__Problem to work on__.
Transcribe the data verbatim and drop its images.
──────── Data segment ────────
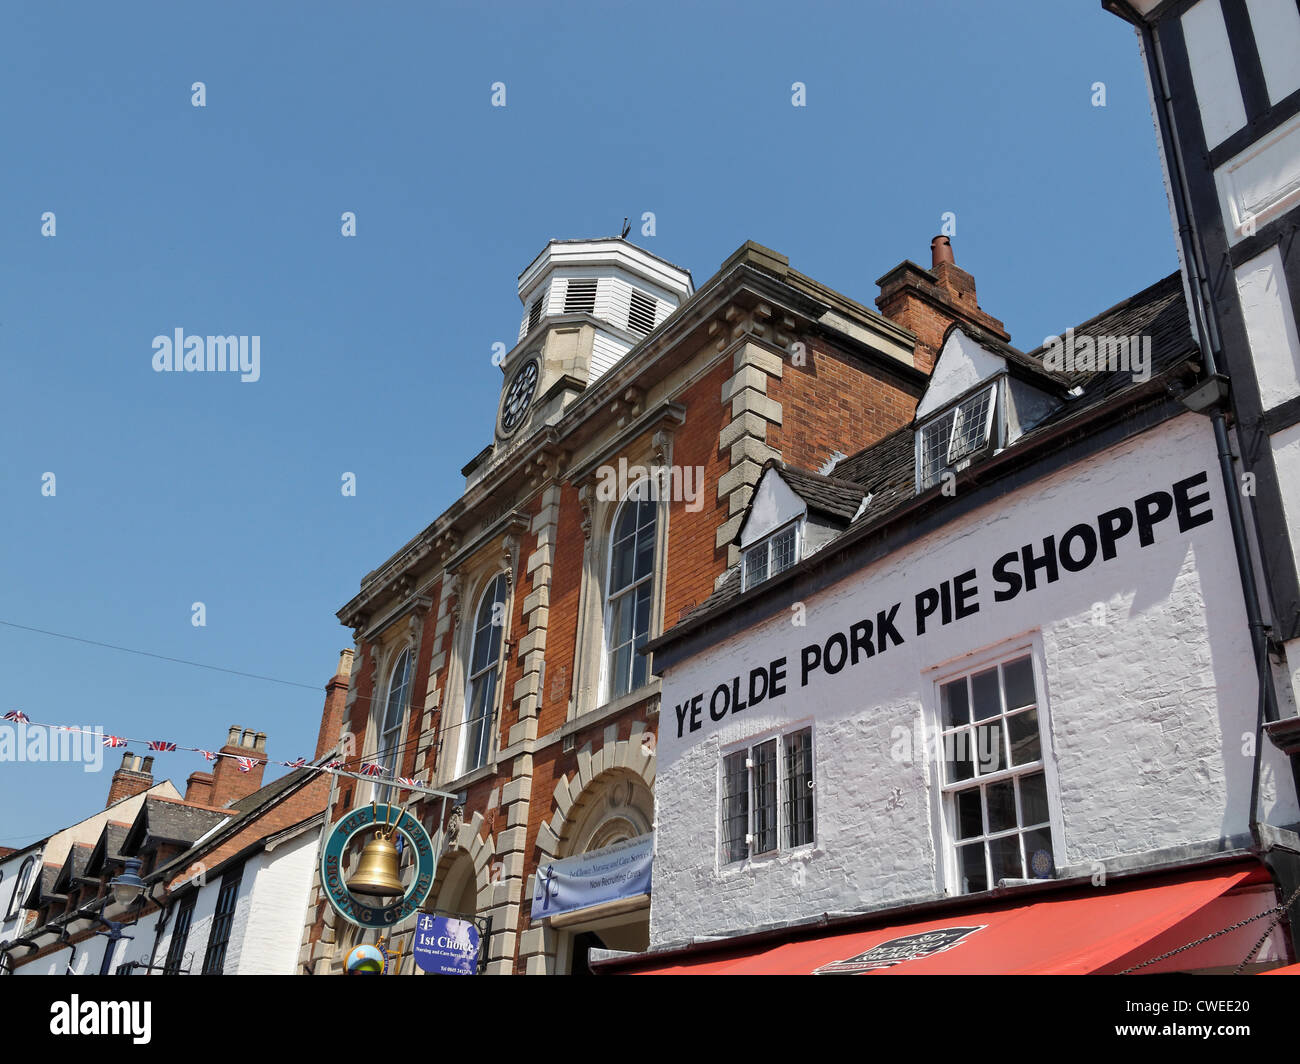 The 'Ye Olde Pork Pie Shoppe', Melton Mowbray, Leicestershire, England. - Stock Image
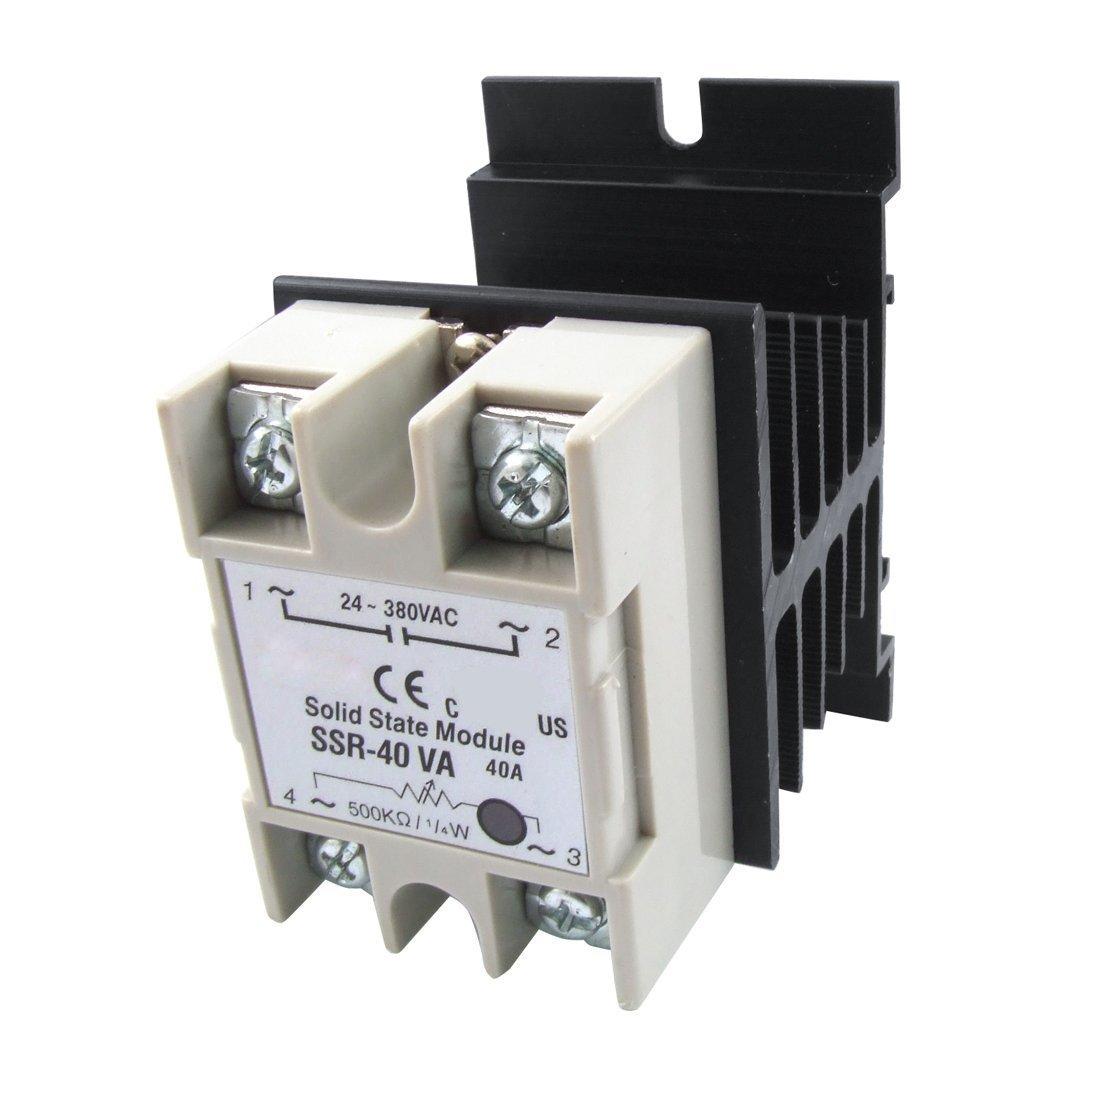 R Rele TOOGOO Rele de estado solido SSR Regulador de resistencia de voltaje 40A 24-380V AC con Disipador de calor
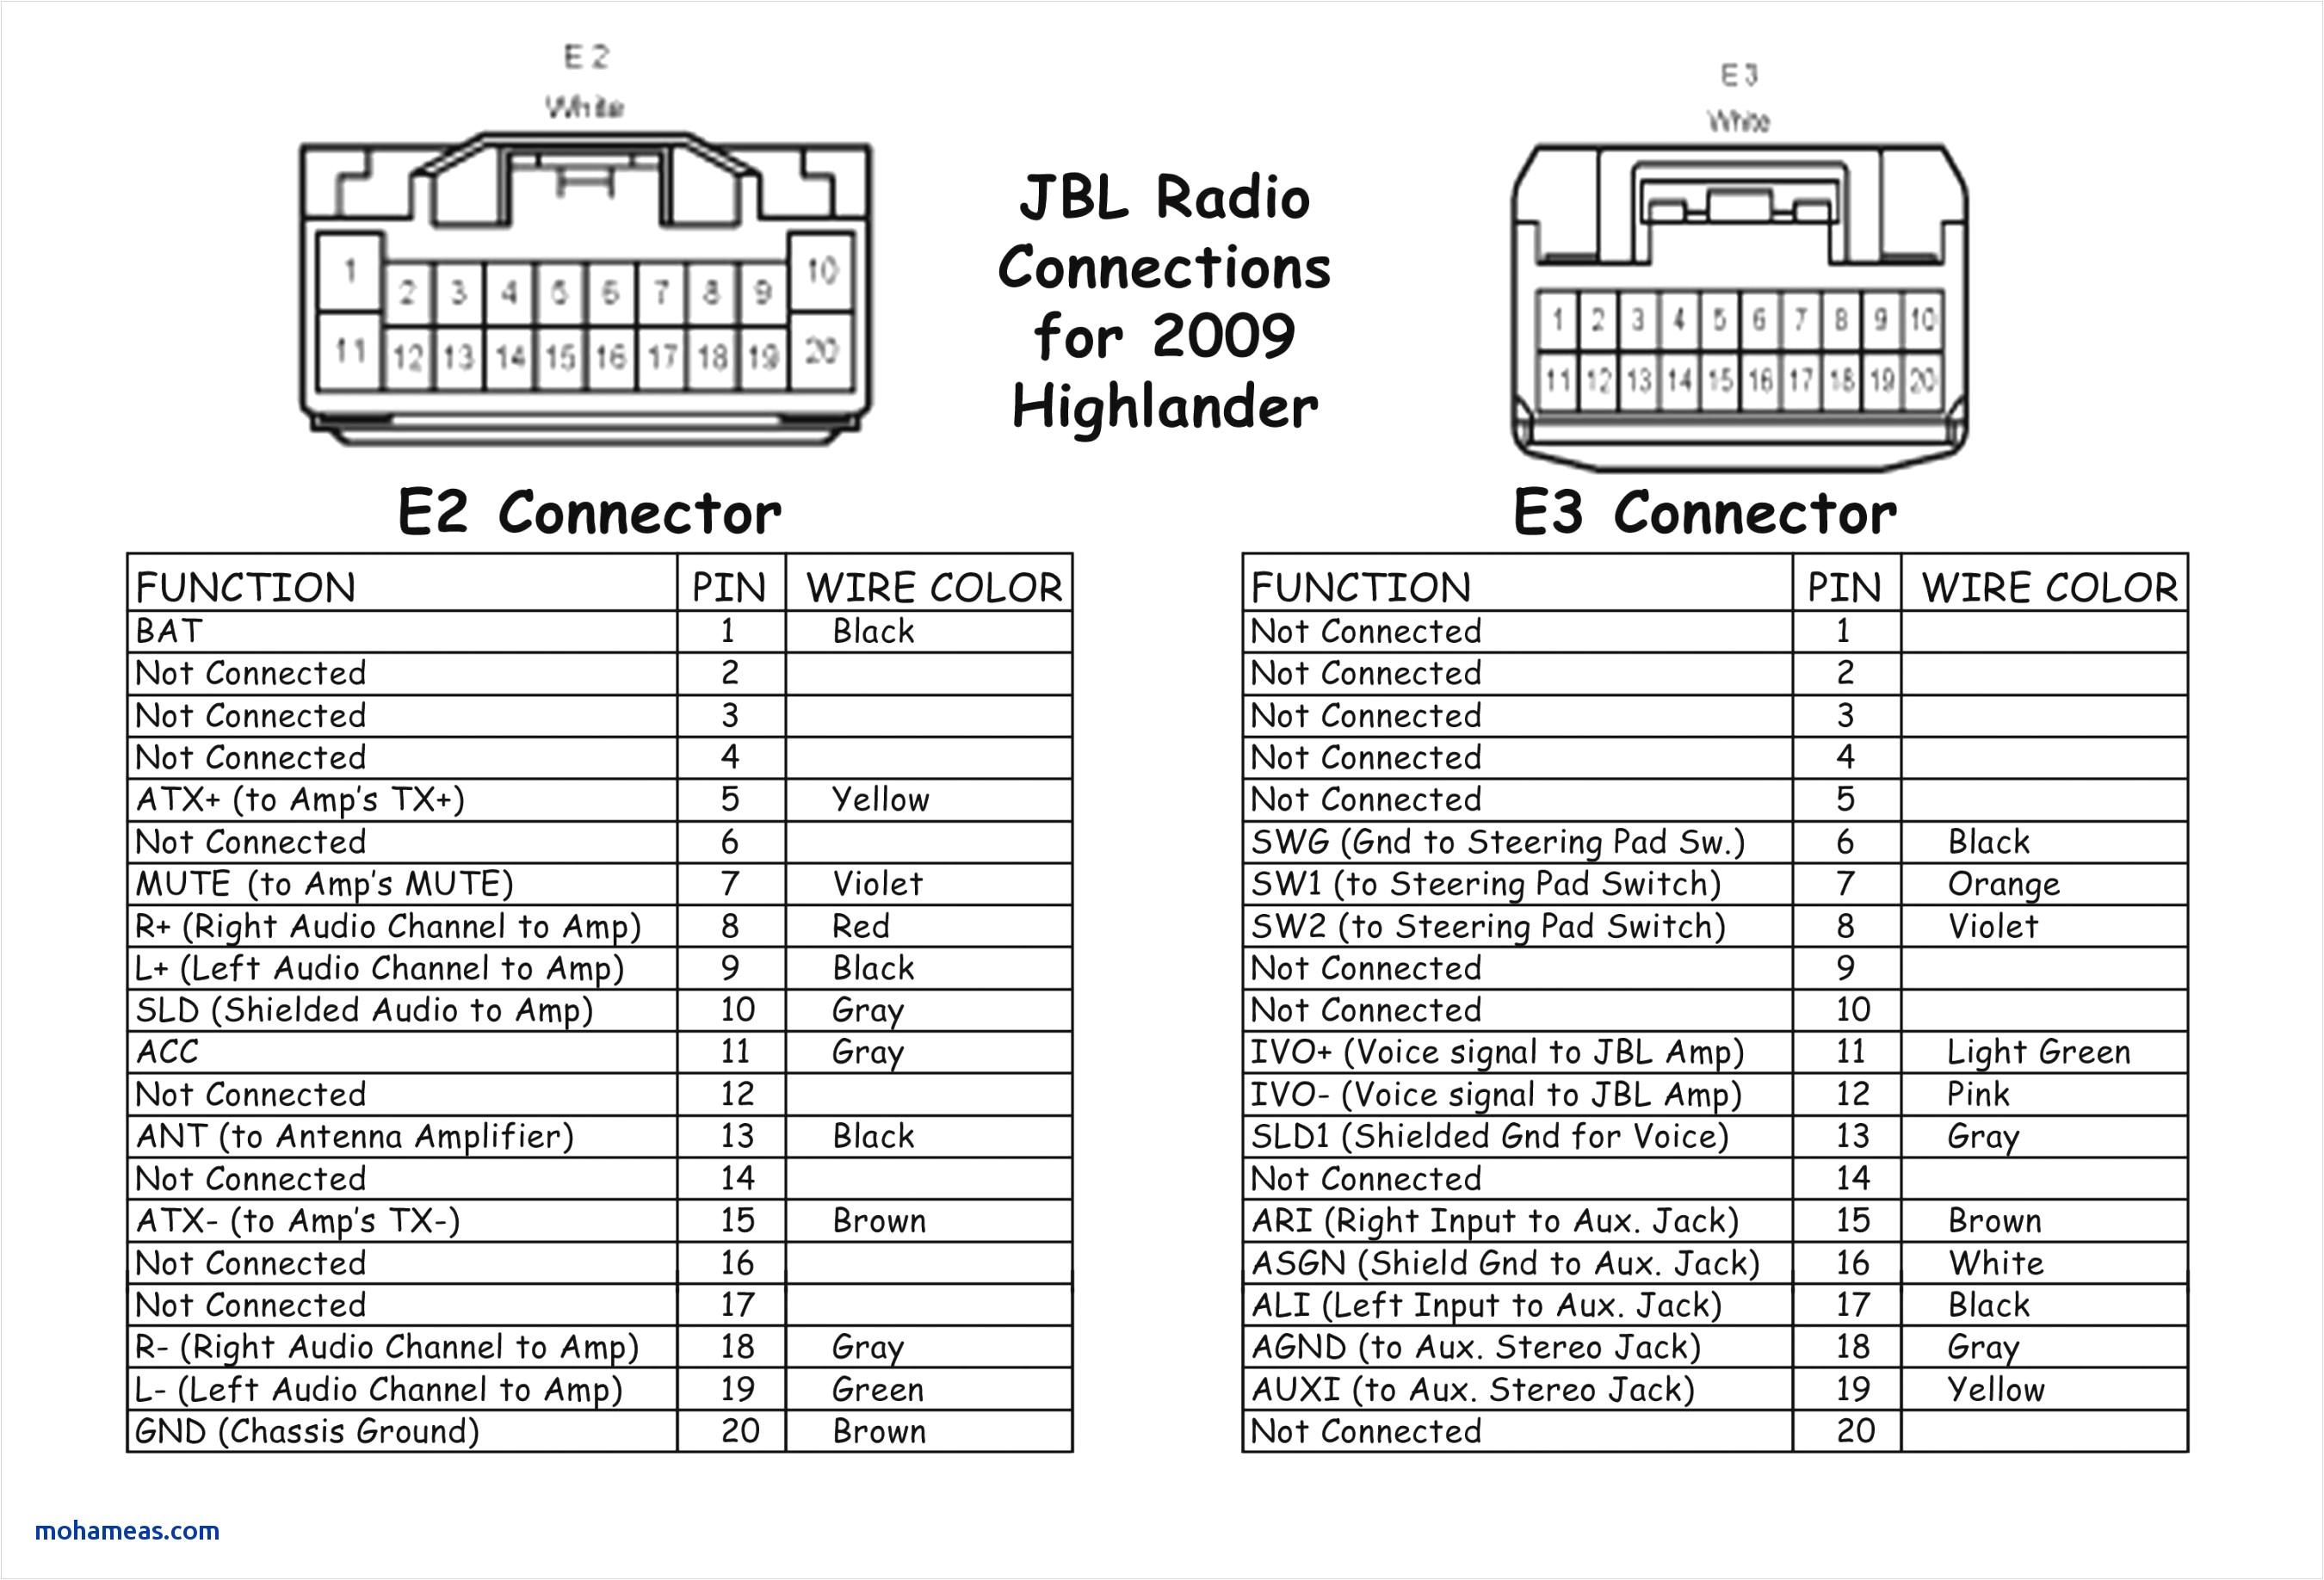 hitachi radio wiring harness wiring diagram split hitachi radio wiring harness
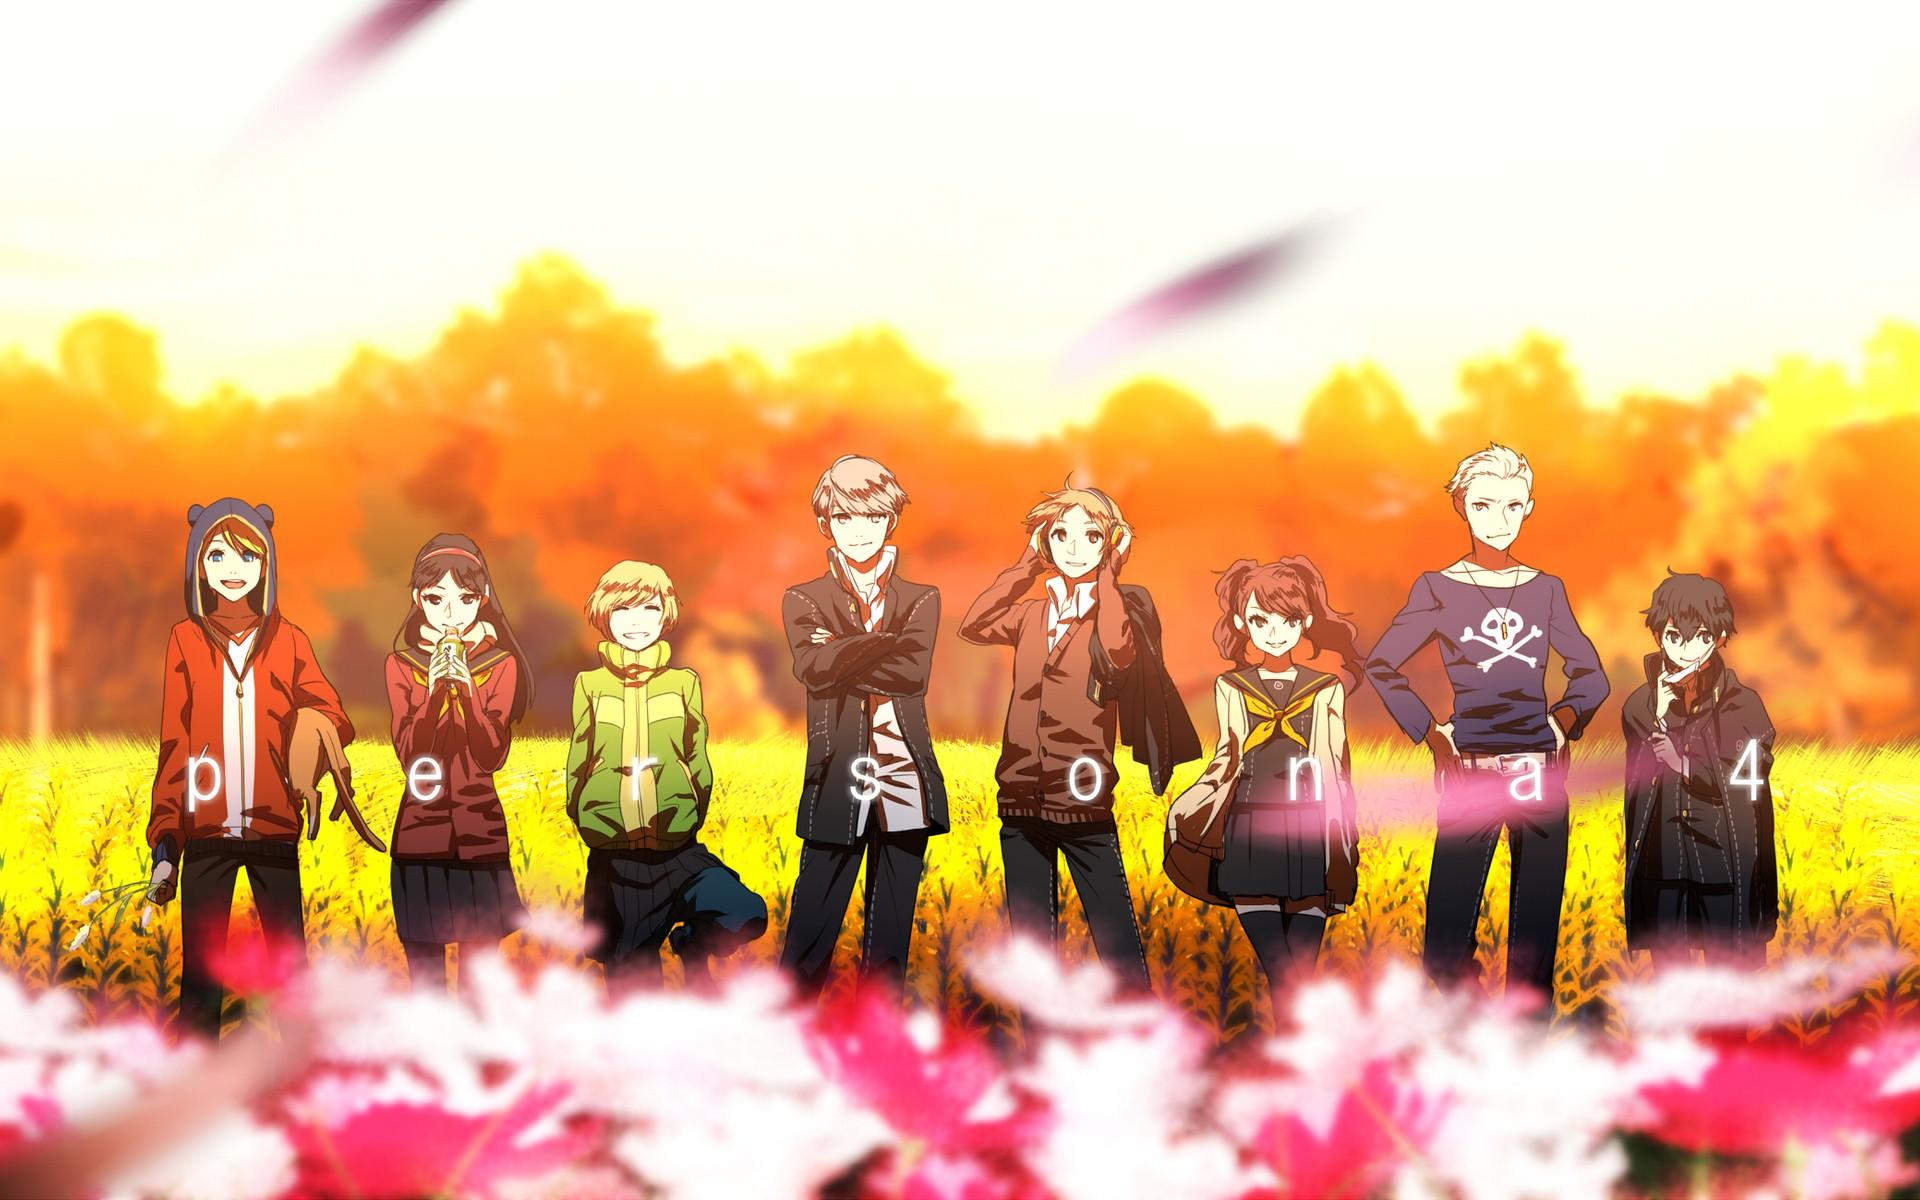 Anime 1920x1200 Persona 4 anime girls anime colorful anime boys standing Hanamura Yosuke Satonaka Chie Narukami Yu Amagi Yukiko Tatsumi Kanji Kujikawa Rise Shirogane Naoto Teddie
────────
__Response area__.
 The 'Ye Olde Pork Pie Shoppe', Melton Mowbray, Leicestershire, England. - Stock Image
 R Rele TOOGOO Rele de estado solido SSR Regulador de resistencia de voltaje 40A 24-380V AC con Disipador de calor
 hitachi radio wiring harness wiring diagram split hitachi radio wiring harness
 Anime 1920x1200 Persona 4 anime girls anime colorful anime boys standing Hanamura Yosuke Satonaka Chie Narukami Yu Amagi Yukiko Tatsumi Kanji Kujikawa Rise Shirogane Naoto Teddie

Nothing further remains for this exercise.